*THE TASK*
Return every line from the records below with the string "Colorxs".

Entries taken from a collection
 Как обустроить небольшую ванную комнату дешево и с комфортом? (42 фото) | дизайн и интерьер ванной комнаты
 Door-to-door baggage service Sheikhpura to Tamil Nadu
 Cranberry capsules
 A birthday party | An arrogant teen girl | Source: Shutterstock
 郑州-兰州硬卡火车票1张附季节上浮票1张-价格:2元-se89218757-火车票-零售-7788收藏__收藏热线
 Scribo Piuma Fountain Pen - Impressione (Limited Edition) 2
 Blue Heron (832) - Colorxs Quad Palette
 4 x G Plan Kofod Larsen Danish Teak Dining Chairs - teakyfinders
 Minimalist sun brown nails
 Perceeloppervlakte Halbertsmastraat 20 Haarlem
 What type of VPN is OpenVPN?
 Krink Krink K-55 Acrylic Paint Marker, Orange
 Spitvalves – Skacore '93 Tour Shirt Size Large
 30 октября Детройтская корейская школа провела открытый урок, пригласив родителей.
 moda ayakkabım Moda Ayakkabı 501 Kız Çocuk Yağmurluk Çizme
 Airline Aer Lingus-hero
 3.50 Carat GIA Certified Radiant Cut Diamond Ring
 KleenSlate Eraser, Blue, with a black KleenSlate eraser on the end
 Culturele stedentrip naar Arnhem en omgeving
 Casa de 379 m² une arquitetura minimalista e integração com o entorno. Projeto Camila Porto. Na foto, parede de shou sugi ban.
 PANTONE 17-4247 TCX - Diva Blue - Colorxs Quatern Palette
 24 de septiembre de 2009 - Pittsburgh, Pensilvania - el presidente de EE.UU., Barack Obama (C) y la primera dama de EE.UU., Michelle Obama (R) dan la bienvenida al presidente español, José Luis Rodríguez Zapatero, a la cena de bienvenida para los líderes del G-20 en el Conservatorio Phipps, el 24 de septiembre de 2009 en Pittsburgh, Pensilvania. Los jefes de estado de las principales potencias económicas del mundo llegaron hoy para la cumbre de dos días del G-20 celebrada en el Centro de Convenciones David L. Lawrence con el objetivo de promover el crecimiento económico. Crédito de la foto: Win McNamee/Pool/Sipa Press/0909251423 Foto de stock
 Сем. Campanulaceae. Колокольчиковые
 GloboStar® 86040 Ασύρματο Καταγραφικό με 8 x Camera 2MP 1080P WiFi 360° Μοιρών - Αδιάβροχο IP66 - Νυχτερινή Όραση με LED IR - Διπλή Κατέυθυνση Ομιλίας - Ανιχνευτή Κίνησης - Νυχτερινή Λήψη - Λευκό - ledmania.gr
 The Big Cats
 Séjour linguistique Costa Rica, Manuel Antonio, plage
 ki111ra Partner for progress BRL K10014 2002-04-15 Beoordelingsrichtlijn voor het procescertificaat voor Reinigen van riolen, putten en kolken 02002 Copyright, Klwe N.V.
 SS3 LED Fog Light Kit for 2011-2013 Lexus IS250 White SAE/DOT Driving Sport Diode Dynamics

*OUTPUT FOR THIS EXERCISE*
 Blue Heron (832) - Colorxs Quad Palette
 PANTONE 17-4247 TCX - Diva Blue - Colorxs Quatern Palette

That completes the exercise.